Before this patch, signal handling wasn't signal safe. This leads to real-world
crashes. It used ManagedStatic inside of signals, this can allocate and can lead
to unexpected state when a signal occurs during llvm_shutdown (because
llvm_shutdown destroys the ManagedStatic). It also used cl::opt without custom
backing storage. Some de-allocation was performed as well. Acquiring a lock in a
signal handler is also a great way to deadlock.

We can't just disable signals on llvm_shutdown because the signals might do
useful work during that shutdown.
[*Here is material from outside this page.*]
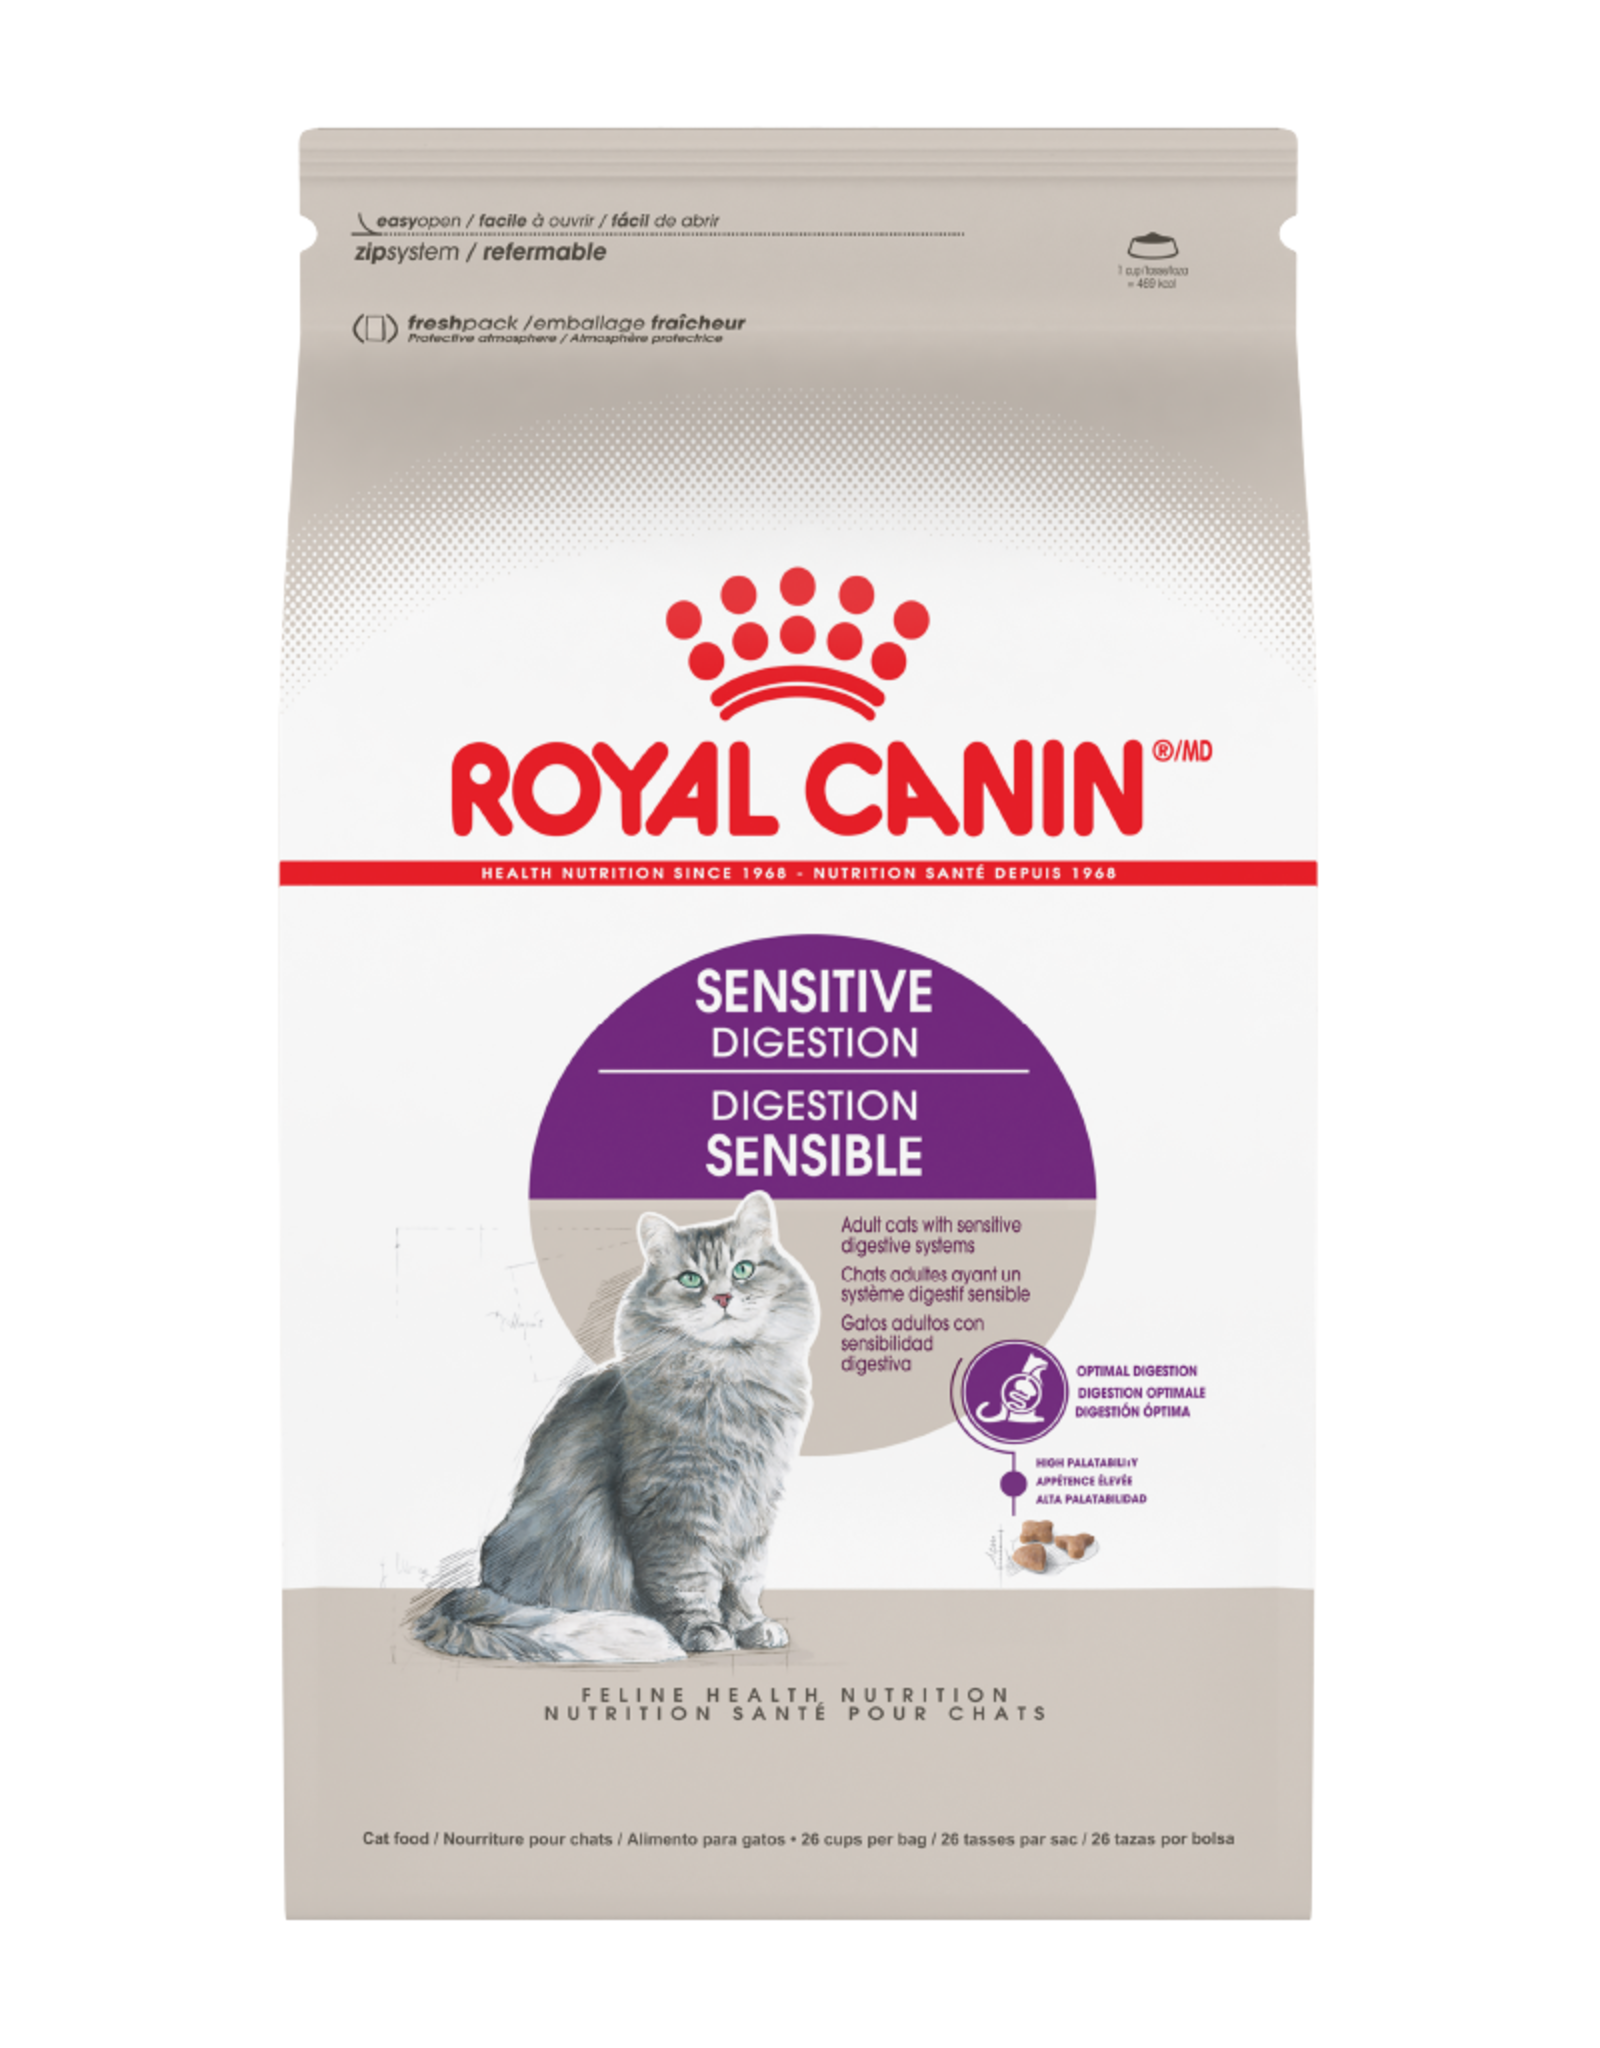 ROYAL CANIN Royal Canin | Feline Sensitive Digestion 3.5 lb

We also can't just disable llvm_shutdown for
programs (instead of library uses of clang) because we'd have to then mark the
pointers as not leaked and make sure all the ManagedStatic uses are OK to leak
and remain so.

Move all of the code to lock-free datastructures instead, and avoid having any
of them in an inconsistent state. I'm not trying to be fancy, I'm not using any
explicit memory order because this code isn't hot. The only purpose of the
atomics is to guarantee that a signal firing on the same or a different thread
doesn't see an inconsistent state and crash. In some cases we might miss some
state (for example, we might fail to delete a temporary file), but that's fine.

Note that I haven't touched any of the backtrace support despite it not
technically being totally signal-safe. When that code is called we know
something bad is up and we don't expect to continue execution, so calling
something that e.g. sets errno is the least of our problems.

A similar patch should be applied to lib/Support/Windows/Signals.inc, but that
can be done separately.

rdar://problem/28010281

Diff Detail

Repository
rL LLVM

Event Timeline

jfb created this revision.May 14 2018, 5:06 PM
dexonsmith requested changes to this revision.May 14 2018, 6:10 PM

I wonder if there's some way to write a test for this. E.g., a unit test that registers a signal handler for SIGUSR1 and then does what used to be necessary to trigger a crash.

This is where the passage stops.